Мне приходится взяться за коробку с подарком от бабушки. Может быть, там пара отличных перчаток или браслет… Но внутри — носовые платки с вышитыми в уголках моими инициалами. Платочки просто чудесные.

— Спасибо, — благодарю я.

— Я давно поняла, что лучше всего — практичные подарки, — слегка шмыгнув носом, заявляет бабушка.

С подарками мы разбираемся в считаные минуты. Кроме носовых платков я получаю ручное зеркало и коробку шоколада от бабушки, а от Тома — забавные красные щипцы для орехов, развеселившие меня. Я дарю бабушке шаль, а Тому — череп, который он мог бы в будущем поставить в собственном кабинете.

— Я буду звать его Йориком, — в восторге смеется Том.

И я довольна, что доставила такую радость брату. Отцовские подарки остаются пока что под елкой, неразвернутые.

— Томас, — говорит бабушка, — может, тебе следовало бы съездить в его клуб и расспросить там. Осторожно выяснить…

— Но я должен сегодня ехать в клуб Атенеум, меня пригласил Саймон Миддлтон, — возражает Том.

— Но отец куда-то пропал! — напоминаю я.

— Никуда он не пропал. Я уверен, он может явиться в любую минуту, и скорее всего нагруженный подарками, за которыми ездил в какое-нибудь уж слишком необычное место.

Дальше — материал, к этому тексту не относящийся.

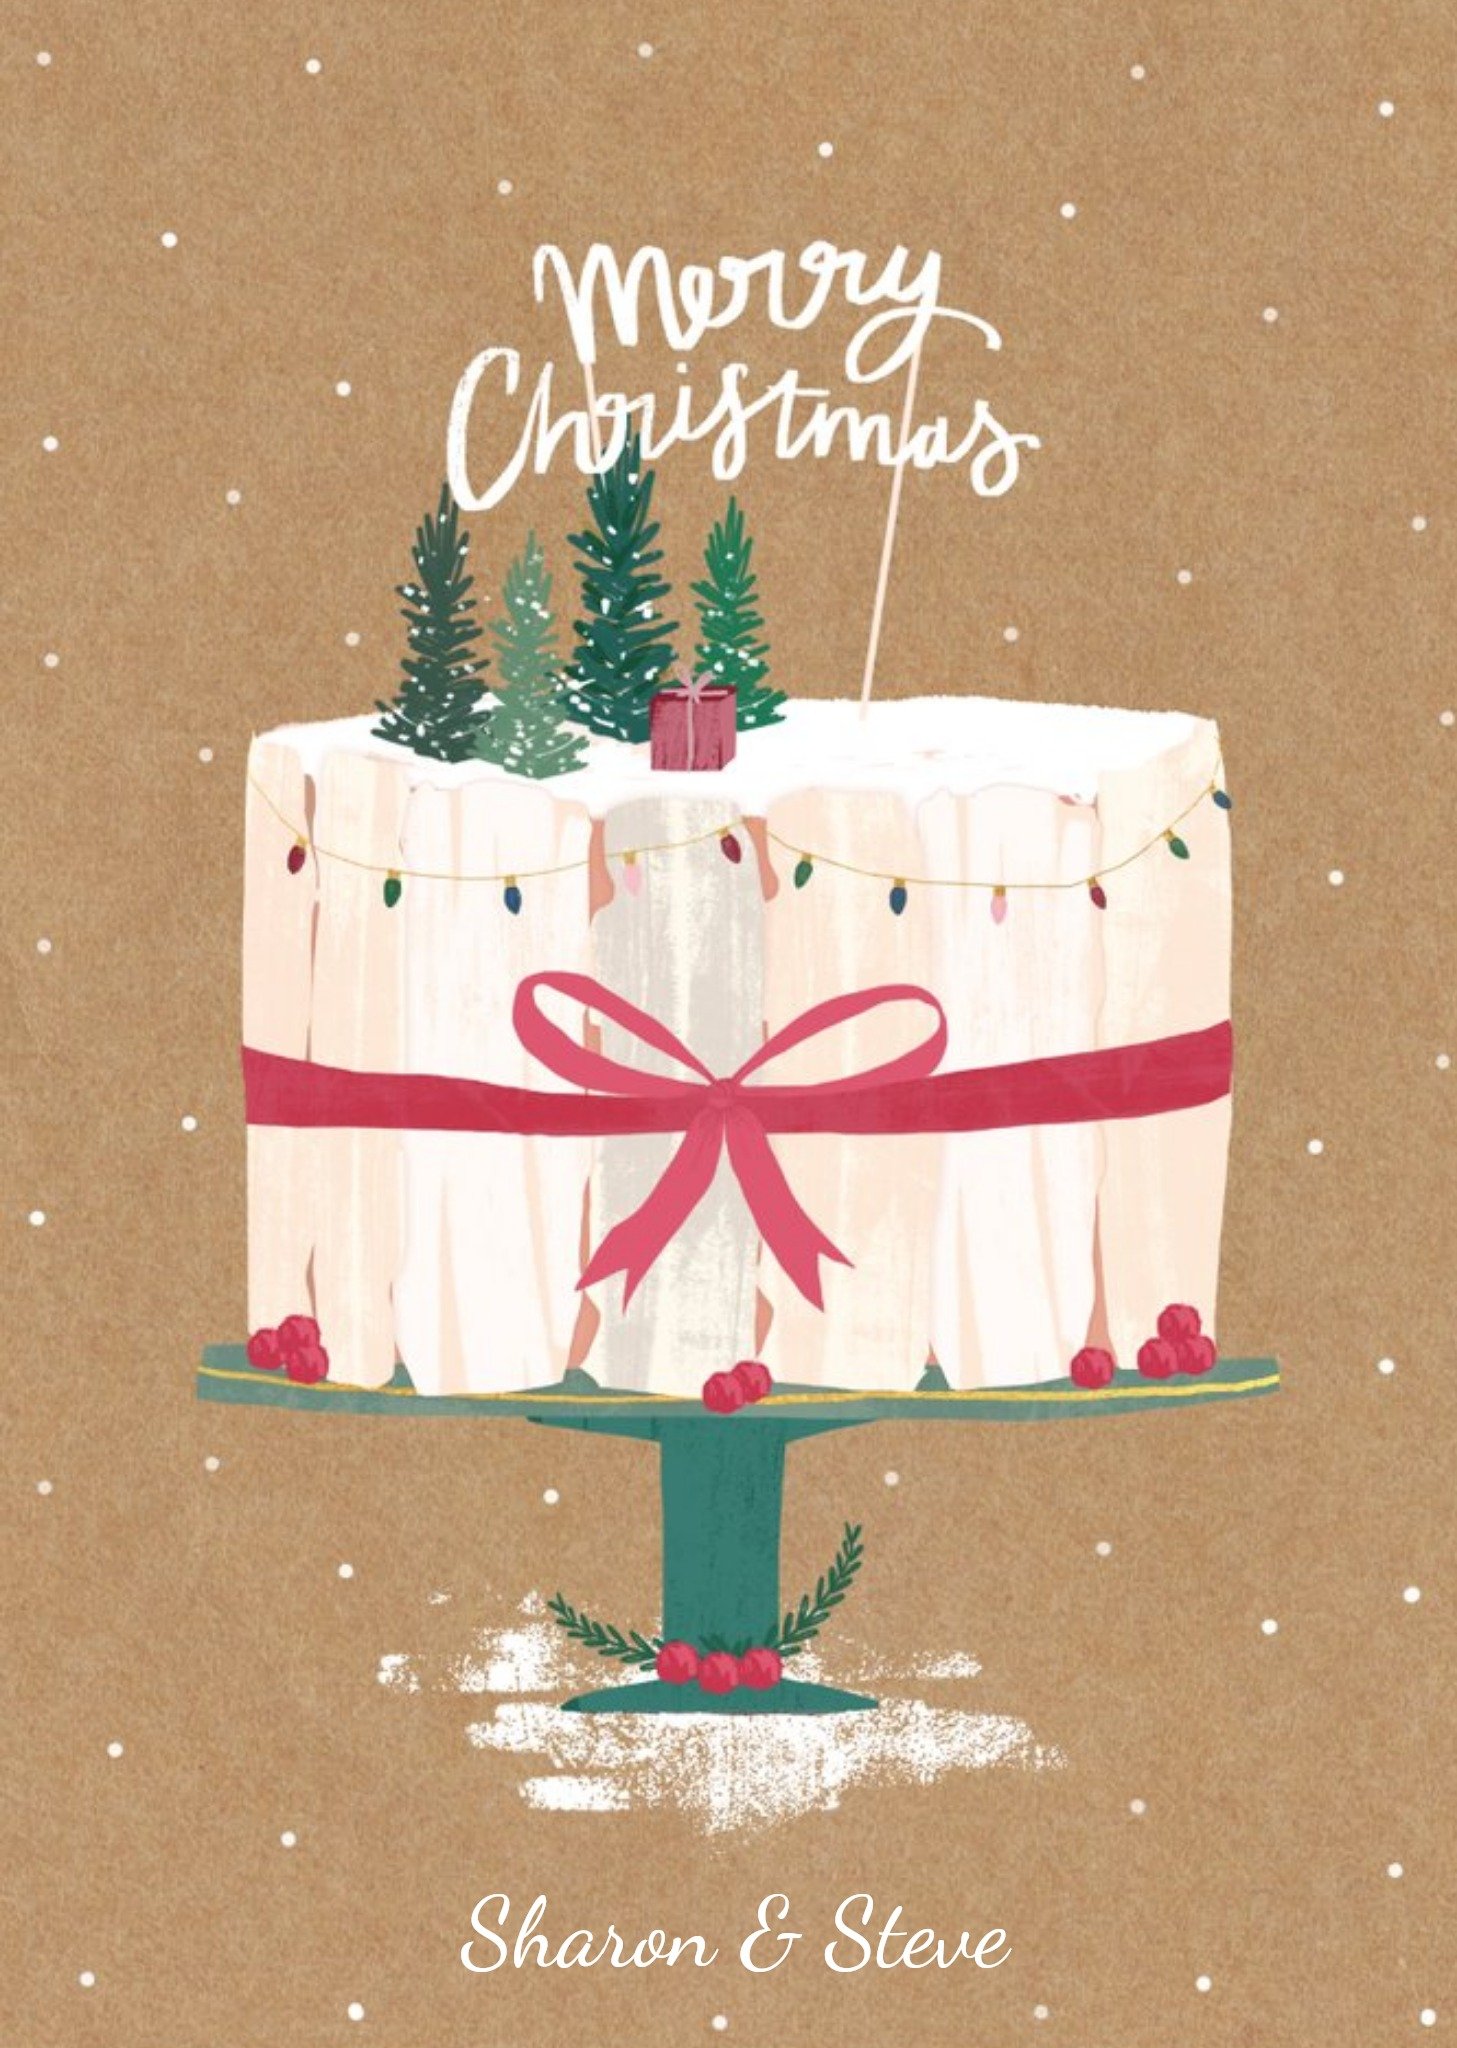 Moonpig Christmas Cake Personalised Greetings Card Ecard

Ты ведь помнишь, как он однажды в рождественское утро явился в костюме святого Николая верхом на слоне?

— Да, — киваю я, улыбаясь при этом воспоминании.

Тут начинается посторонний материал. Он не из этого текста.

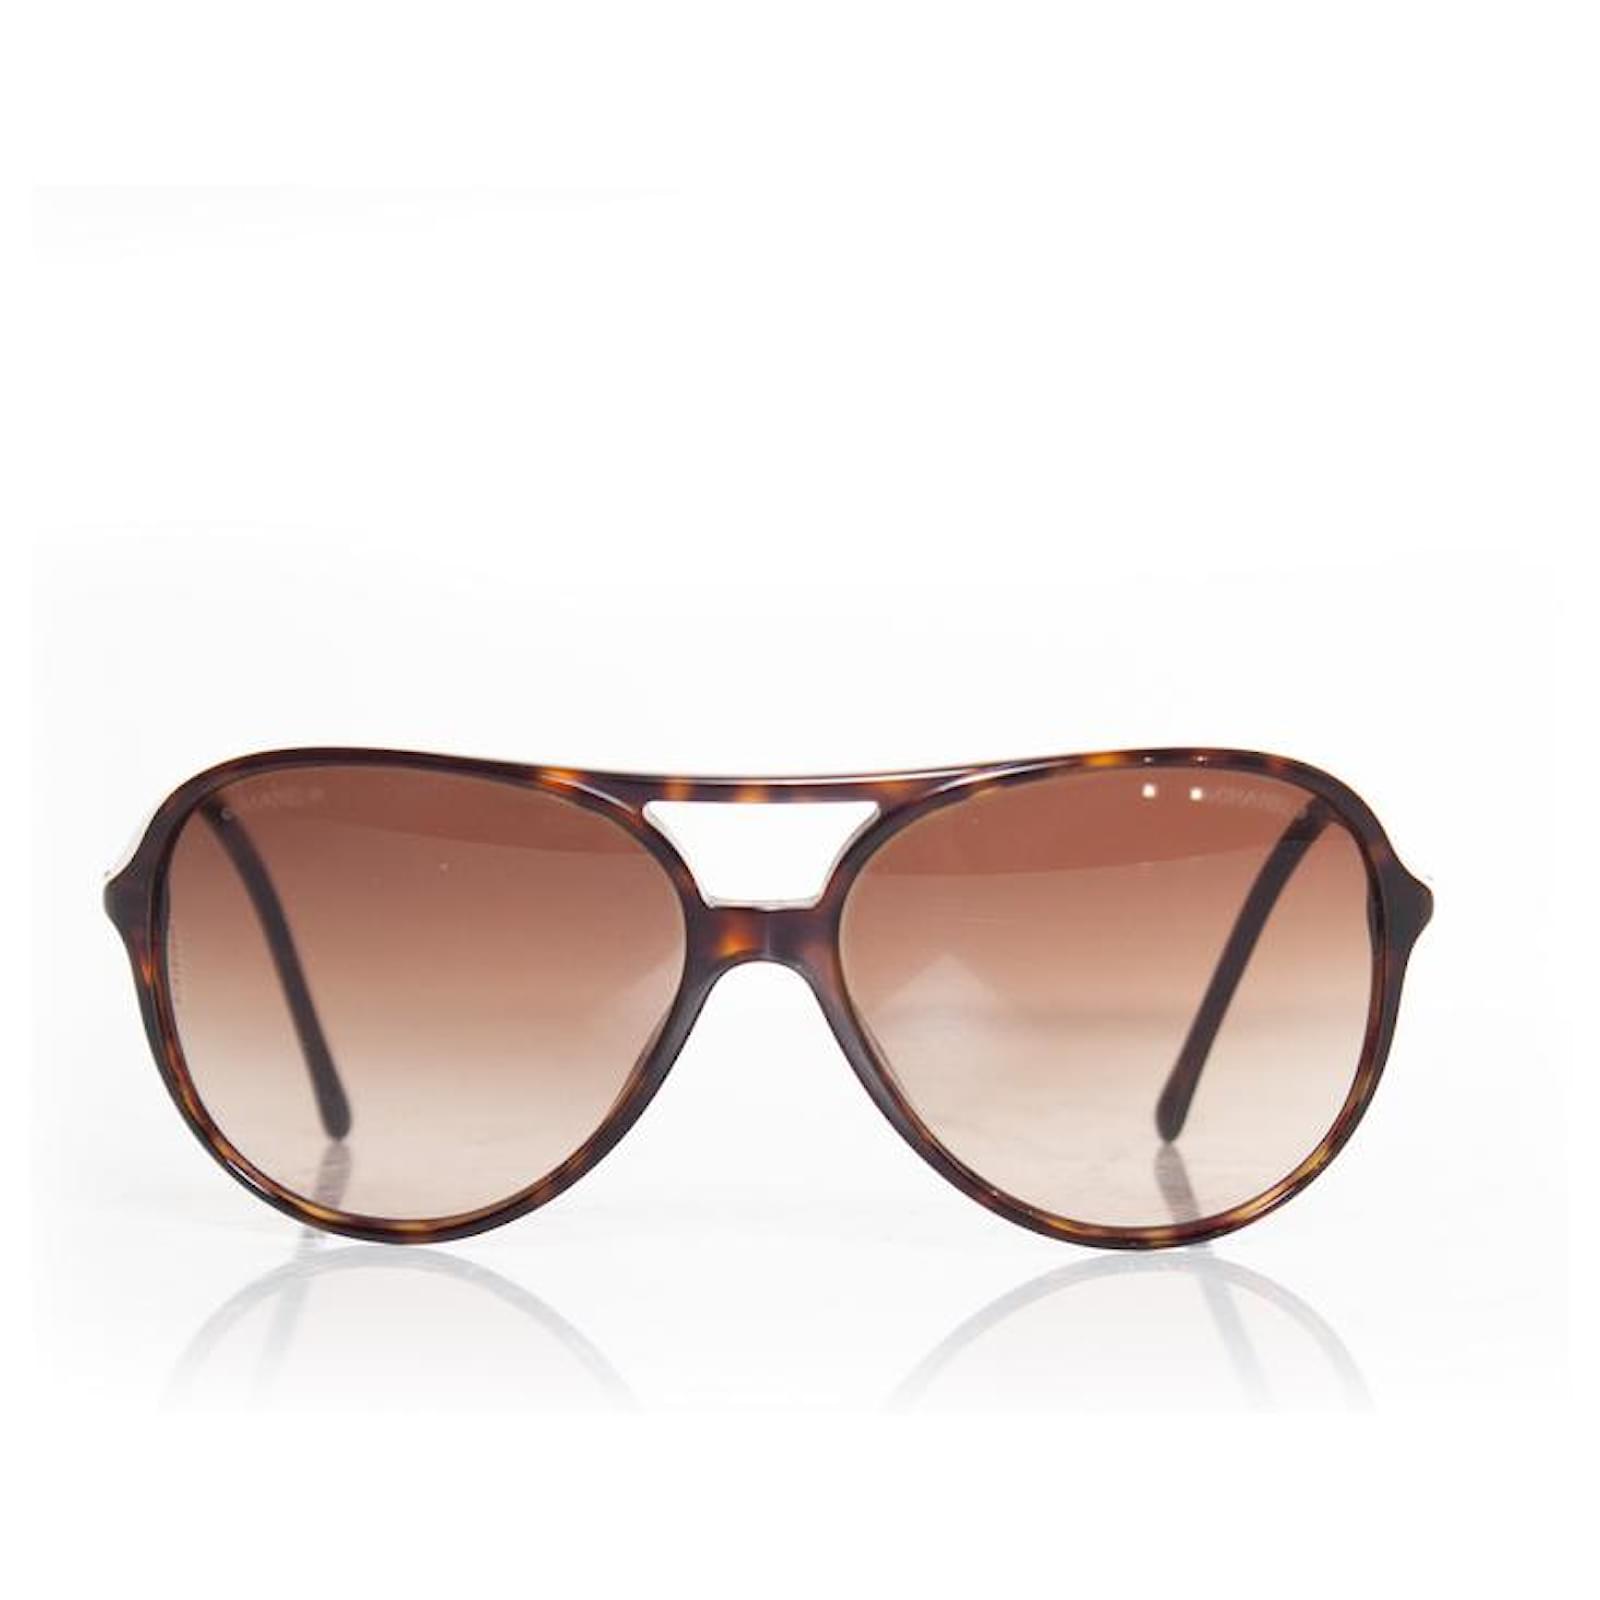 Buy Silver Sunglasses for Men by CLARK N PALMER Online | Ajio.com

Отец тогда подарил мне мое первое сари, и мы с Томом пили кокосовое молоко, лакая его прямо из скорлупы ореха и воображая себя тиграми.

— Он скоро вернется. Попомни мои слова. Он ведь всегда возвращается?

— Да, конечно, ты прав… — говорю я, потому что мне отчаянно хочется поверить брату.


В доме понемногу все затихает, слышно лишь потрескивание угасающих каминов и тиканье часов; лампы едва светятся, утратив недавнюю яркость. Сразу после одиннадцати слуги расходятся по своим комнатам. Бабушка улеглась в постель и полагает, что и я тоже уютно свернулась под одеялом. Но я не могу спать. Не могу, пока отца нет дома. Я хочу, чтобы он вернулся, хоть со слоном, хоть без слона. Поэтому я сижу в гостиной и жду.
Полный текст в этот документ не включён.